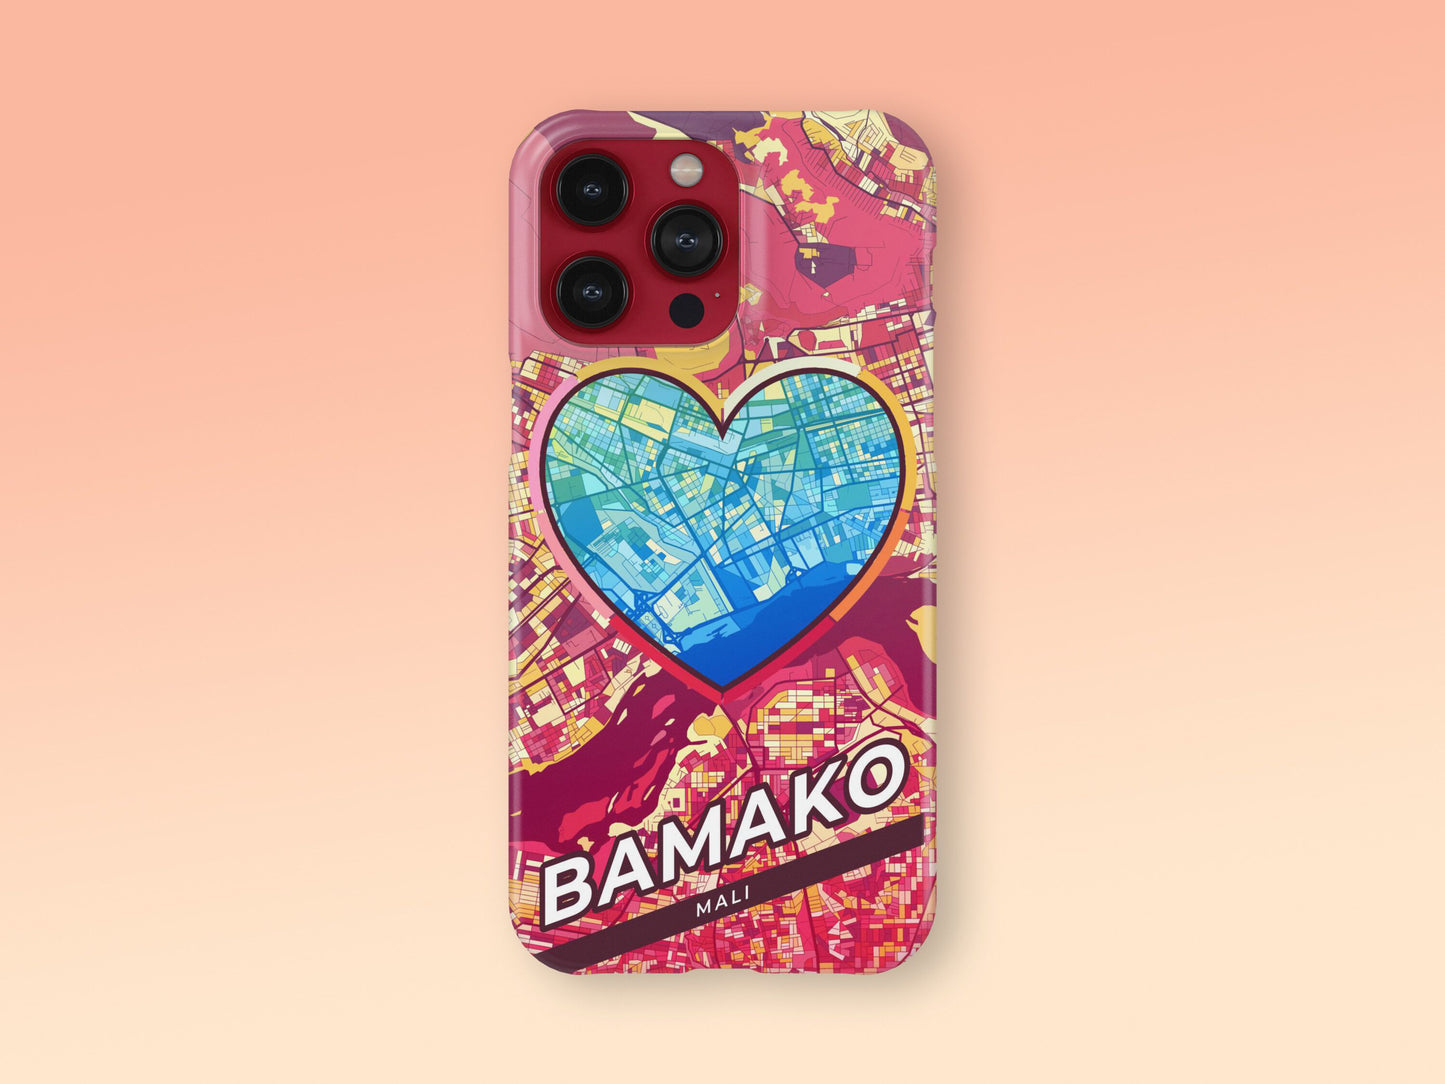 Bamako Mali slim phone case with colorful icon. Birthday, wedding or housewarming gift. Couple match cases. 2
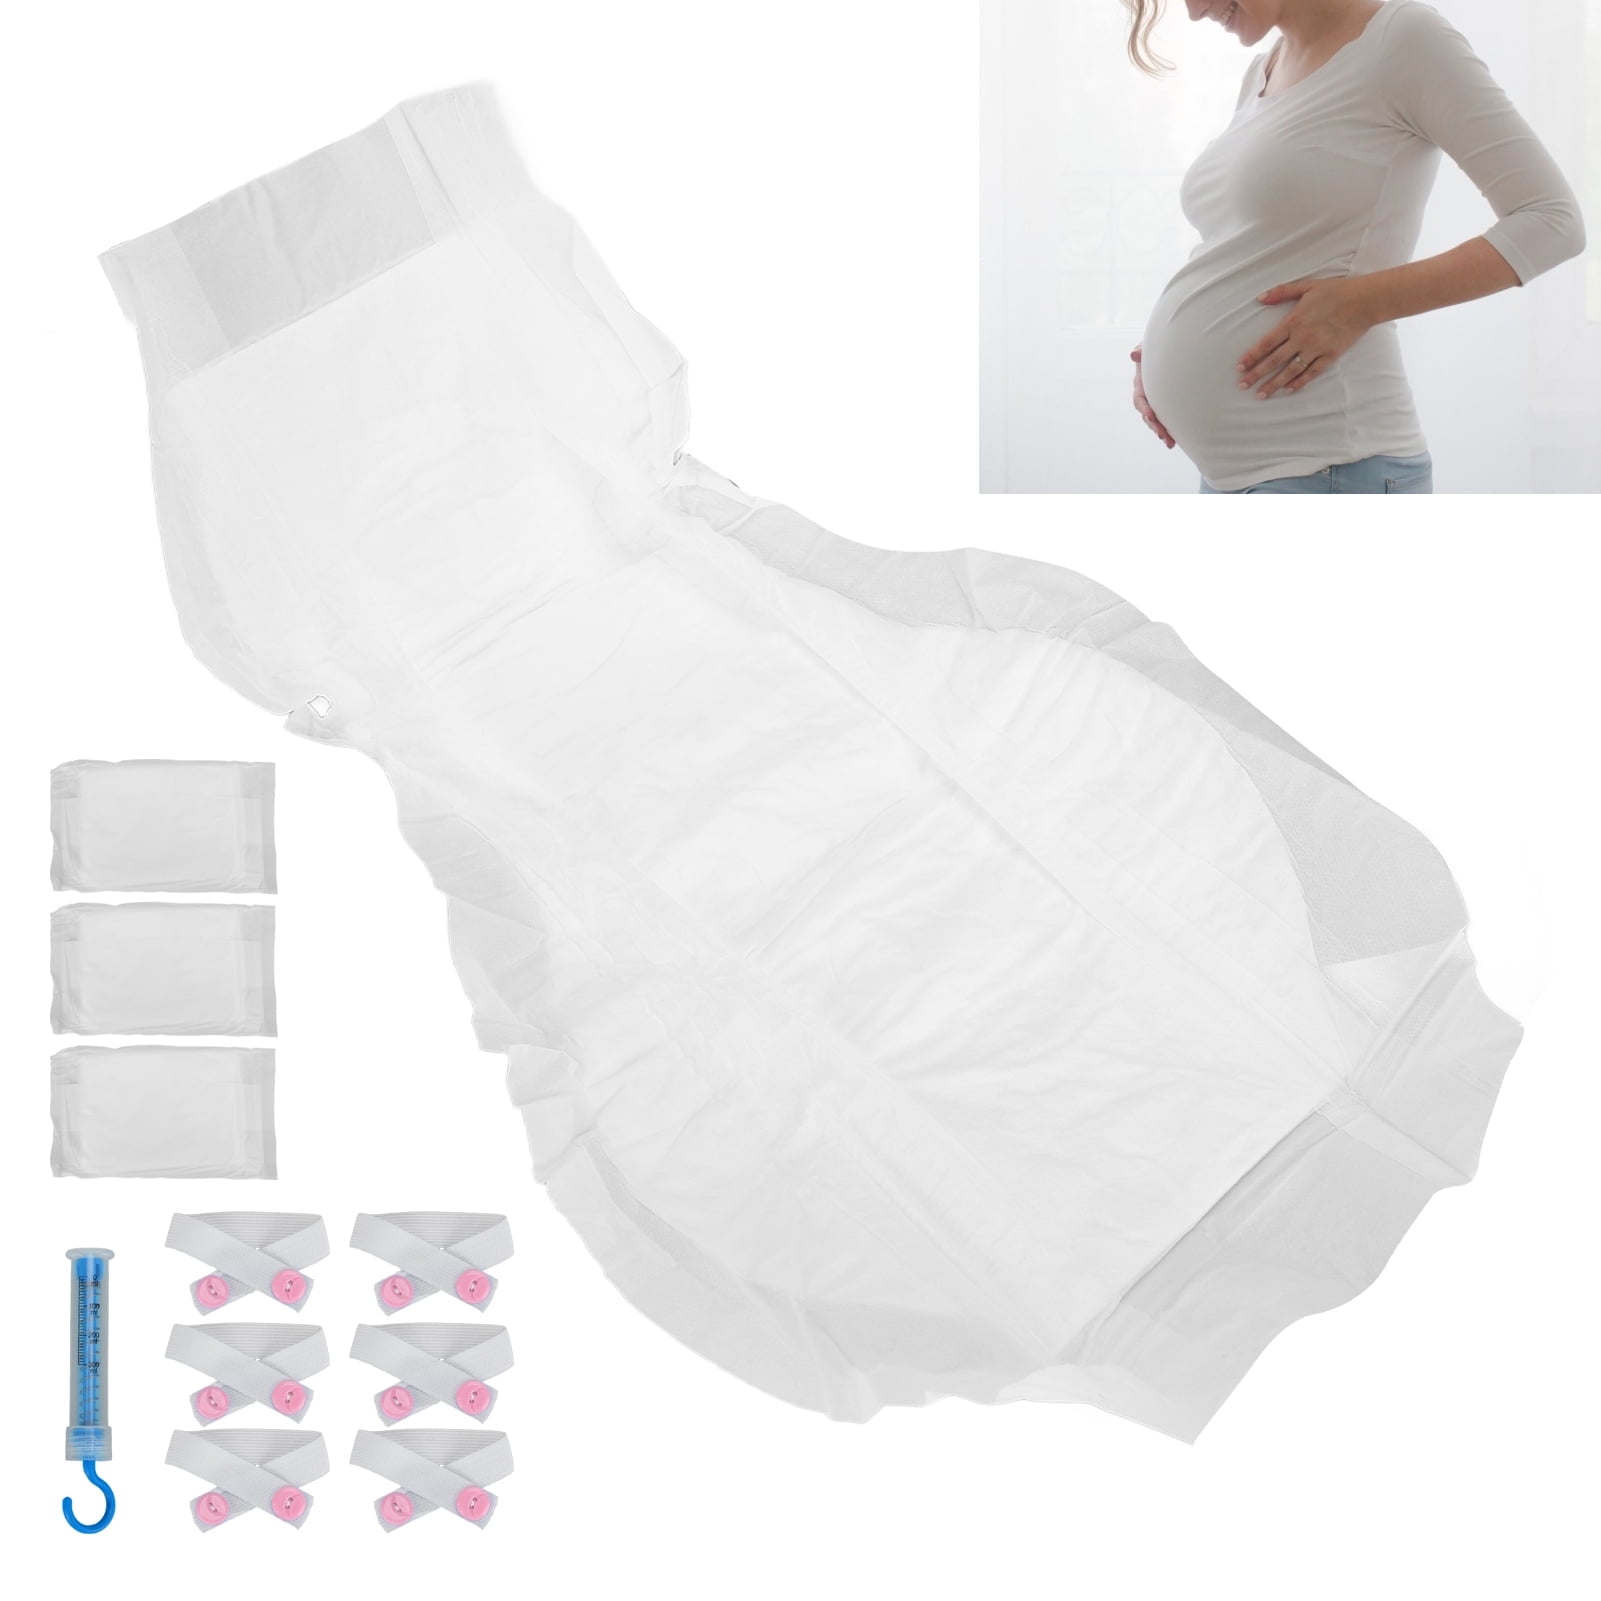 Fugacal Super Absorbency Maternity Pads,Postpartum Sanitary Napkin
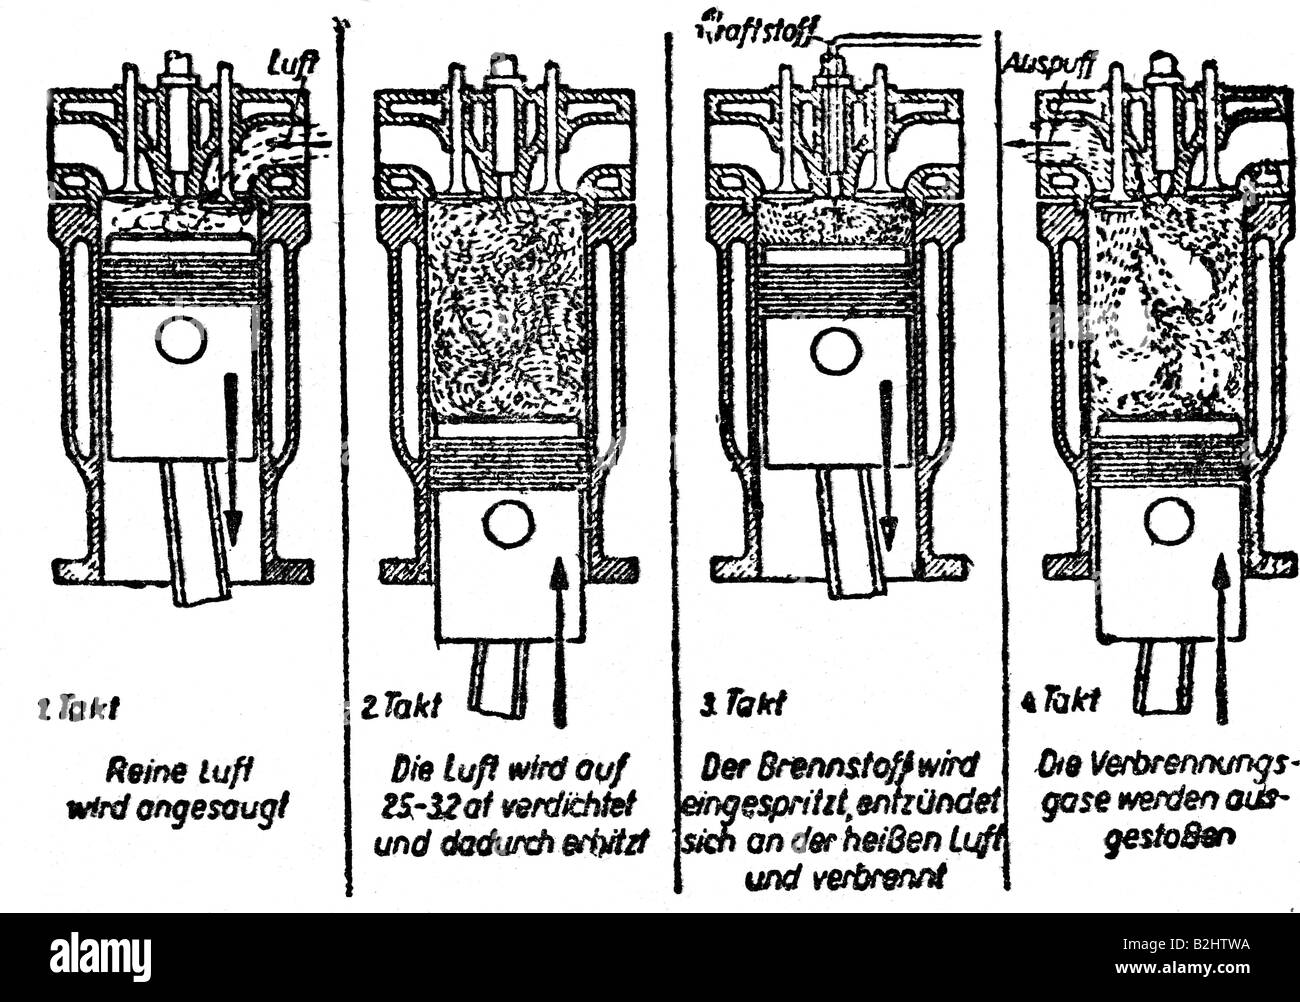 Diesel, Rudolf Christian Karl, 18.3.1858 - 29.9.1913, ingegnere tedesco, inventore, schema a quattro tempi di un motore diesel, Foto Stock

## WORK INSTRUCTION:
When you copy the data, keep every line exact and drop the pictures.

## RESULT:
 Bamako Mali slim phone case with colorful icon. Birthday, wedding or housewarming gift. Couple match cases. 2
 Fugacal Super Absorbency Maternity Pads,Postpartum Sanitary Napkin
 Diesel, Rudolf Christian Karl, 18.3.1858 - 29.9.1913, ingegnere tedesco, inventore, schema a quattro tempi di un motore diesel, Foto Stock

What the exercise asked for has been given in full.